== DATA FOR PROCESSING

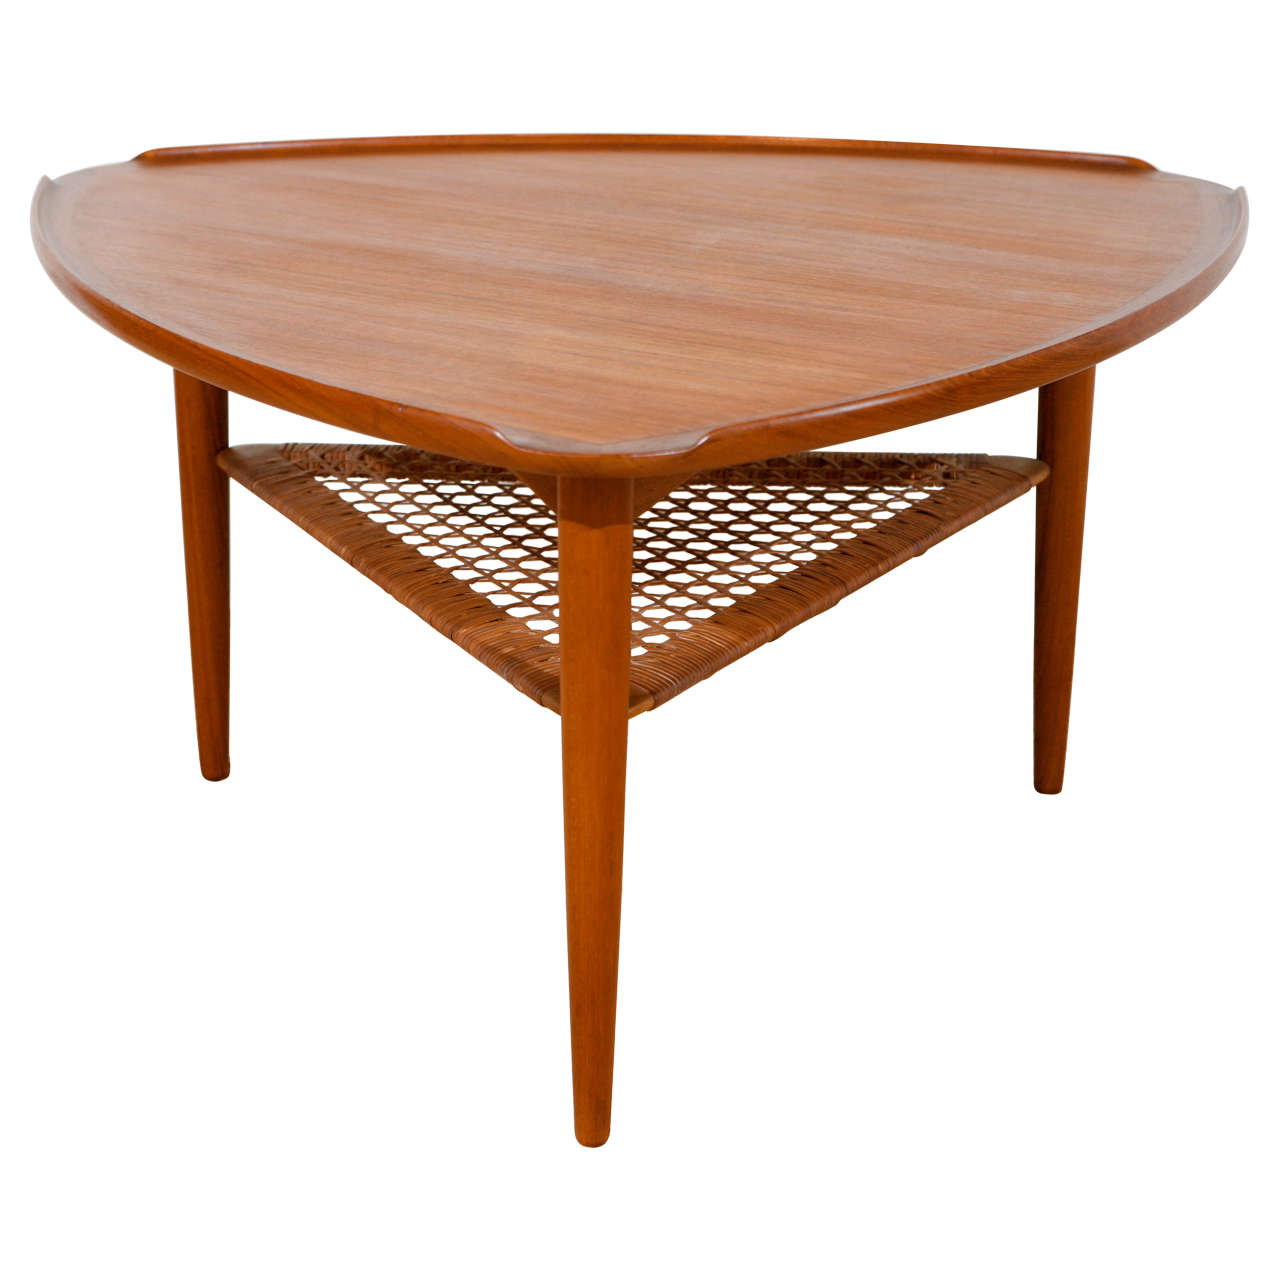 poul jensen guitar pick coffee table at 1stdibs. Black Bedroom Furniture Sets. Home Design Ideas
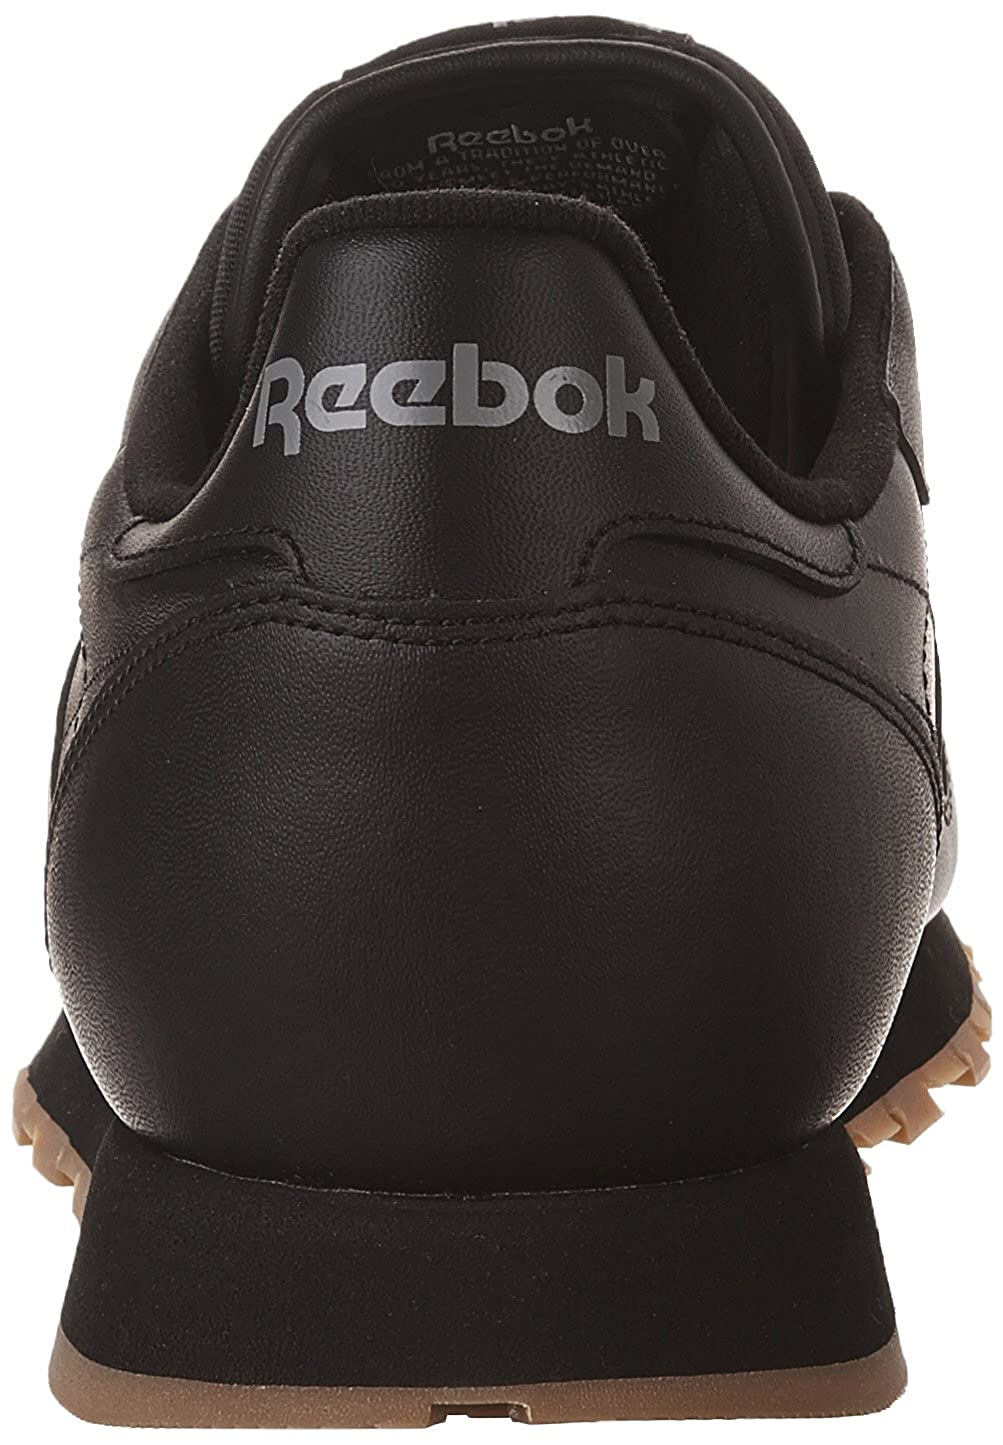 11a8ca75d92 Reebok Classic Men s Classic Leather Fashion Sneakers  Reebok  Amazon.ca   Shoes   Handbags
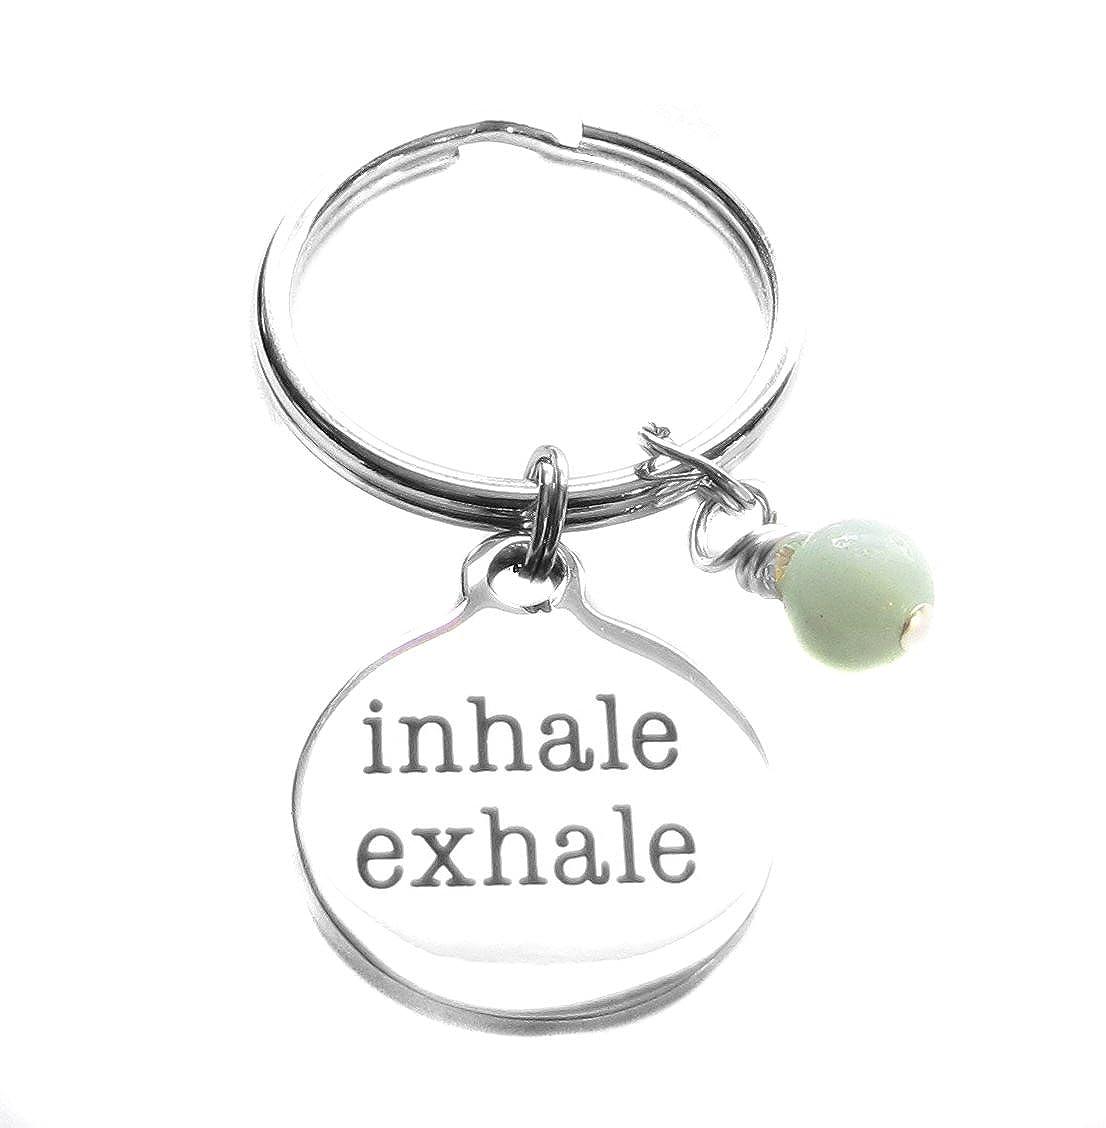 inhale exhale (吸って吐いて) ヨガ レイキ 呼吸法 喉 第5チャクラ キーチェーン   B06XBF3D64
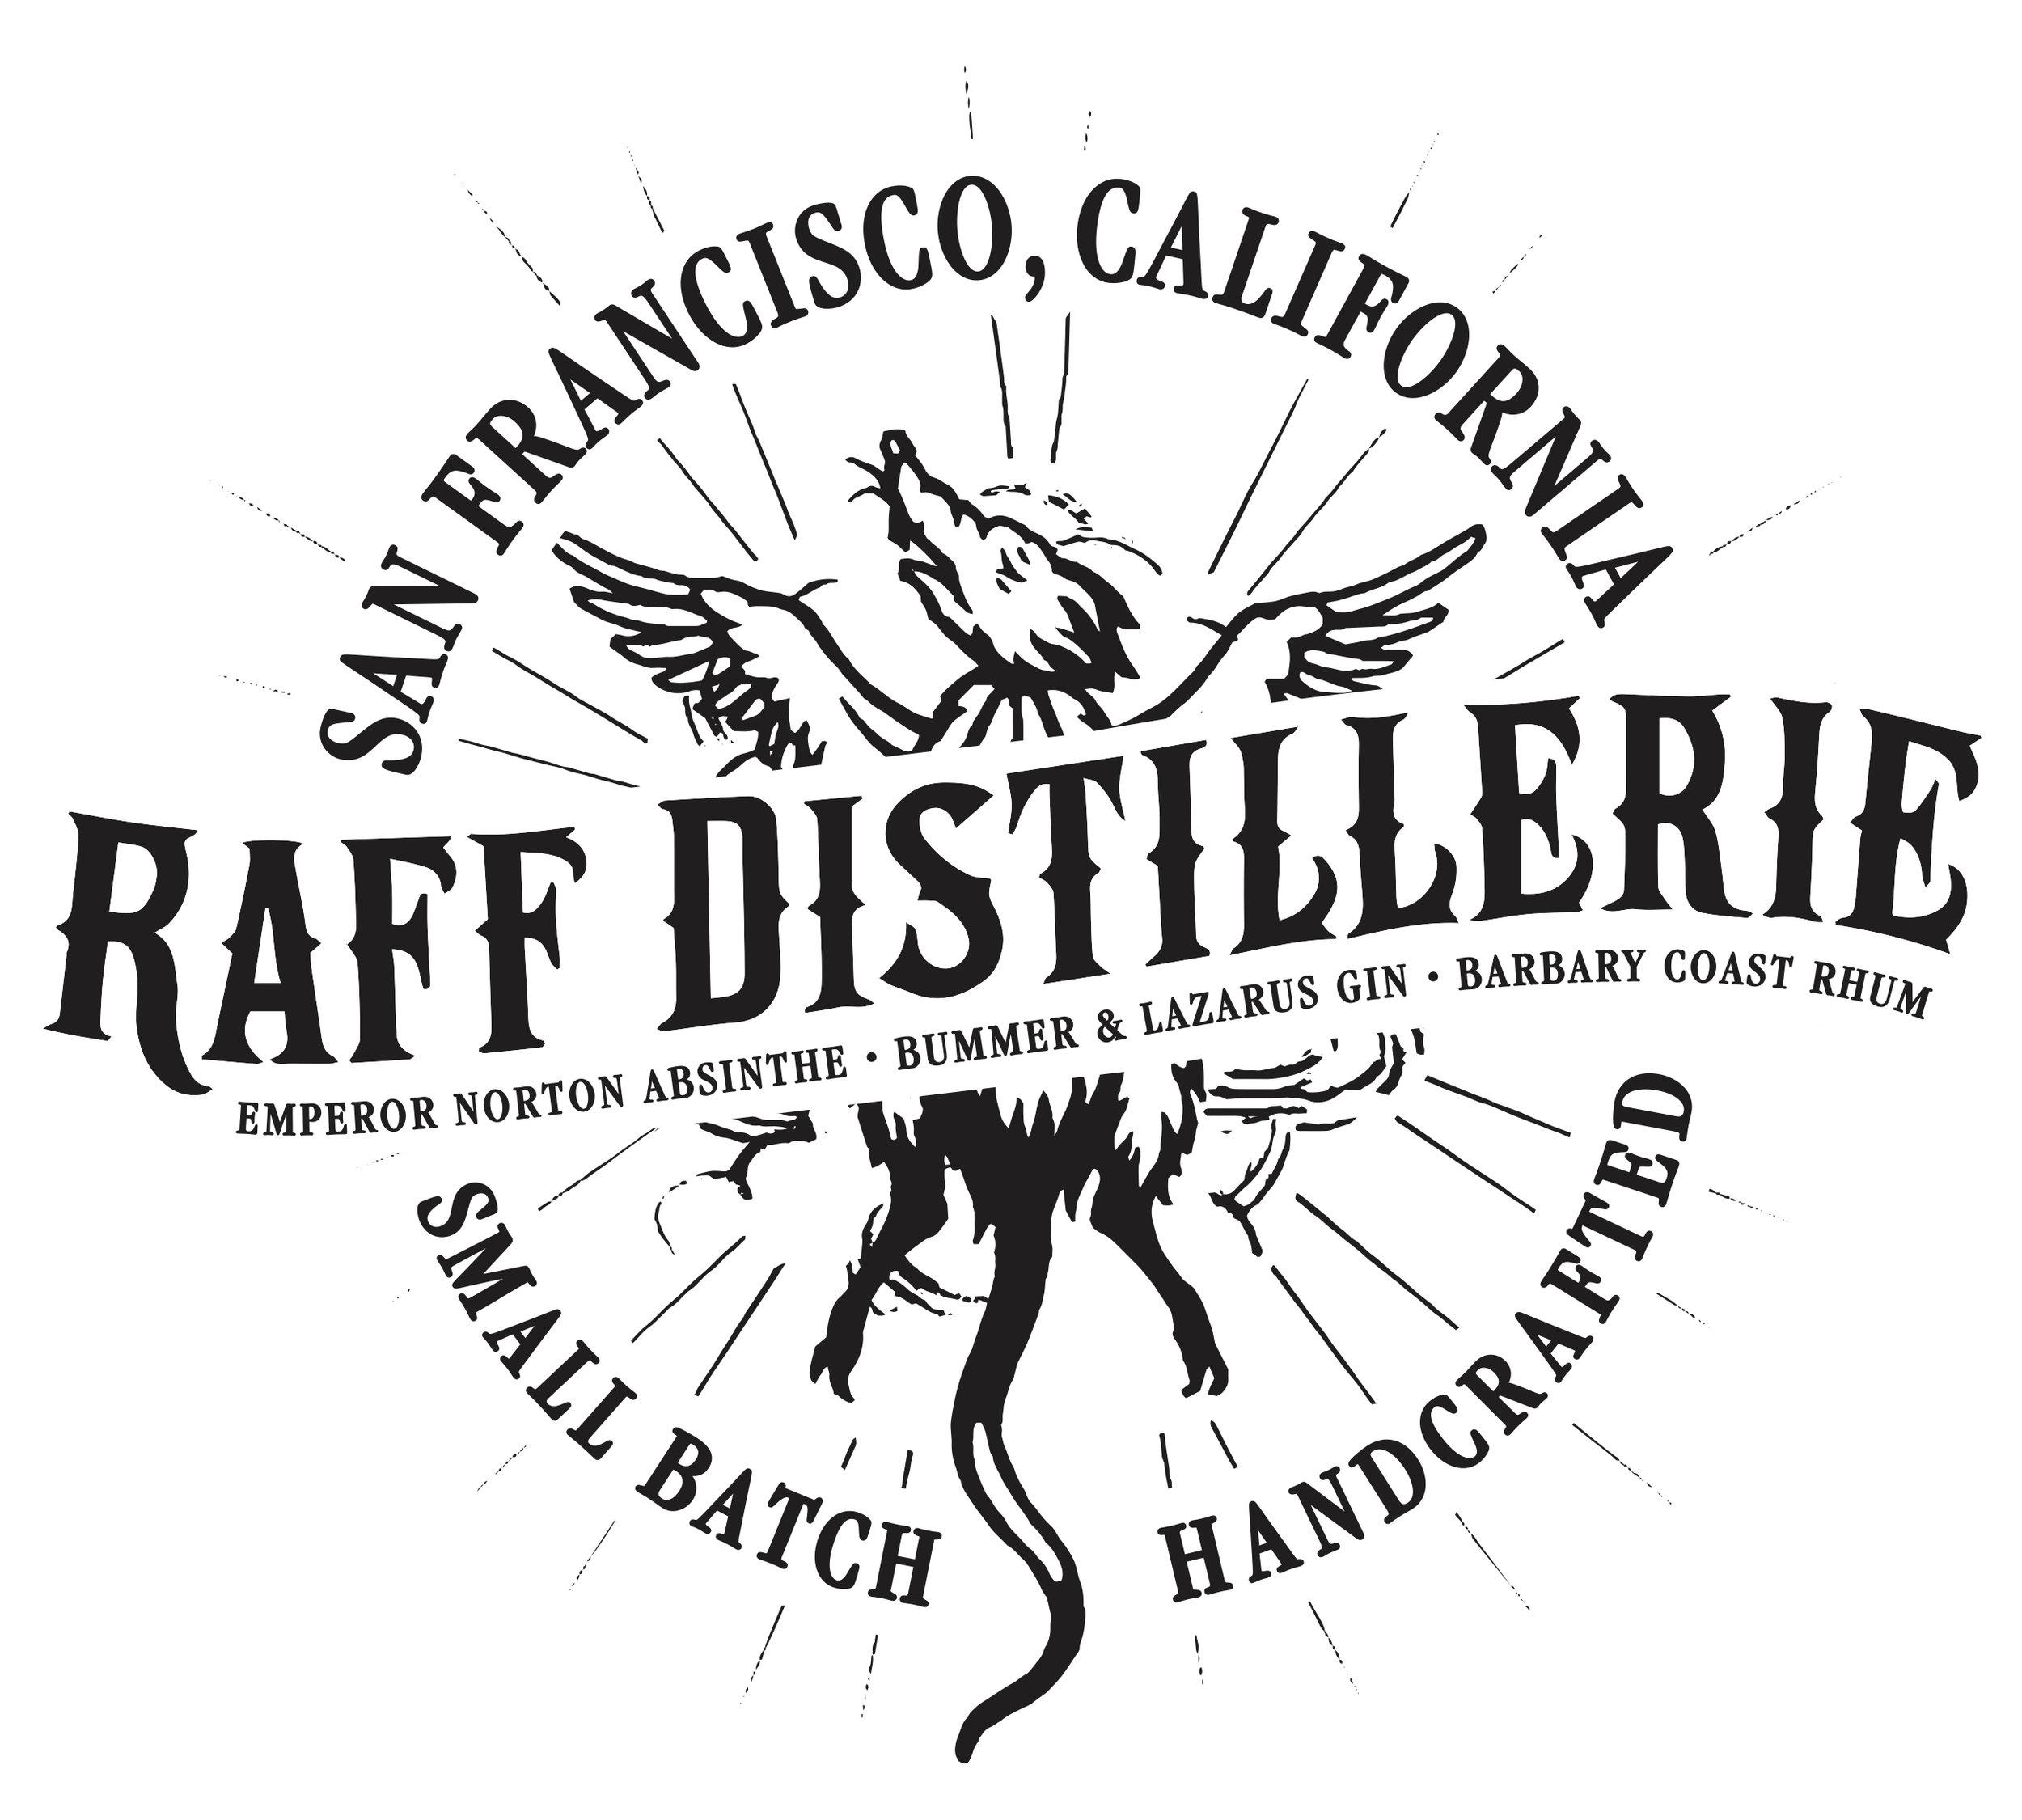 Raff_Distillerie_logo_circle.jpg
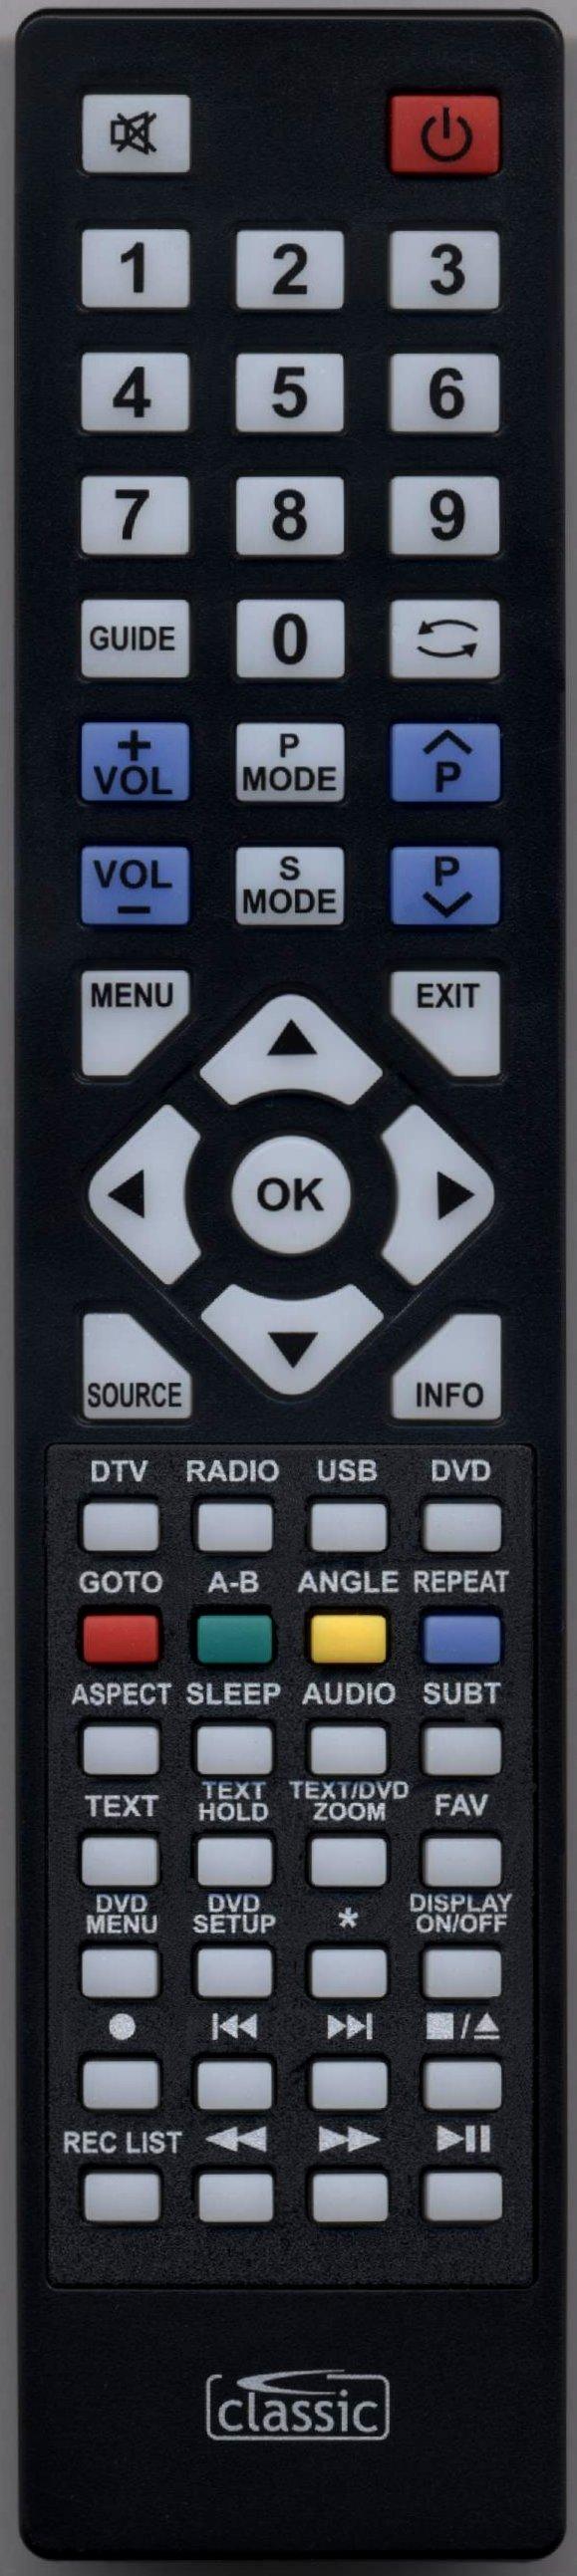 Blaupunkt 24-2071-GB-3B-FHKDUP-UK Remote Control

====

→ **ACTION ITEM**
What is needed is an exact transcription of the lines from the one holding "inhale exhale (吸って吐いて)" to the end of the data, with every picture left out.

→ **EXPECTED ANSWER**
 inhale exhale (吸って吐いて) ヨガ レイキ 呼吸法 喉 第5チャクラ キーチェーン   B06XBF3D64
 Raff_Distillerie_logo_circle.jpg
 Blaupunkt 24-2071-GB-3B-FHKDUP-UK Remote Control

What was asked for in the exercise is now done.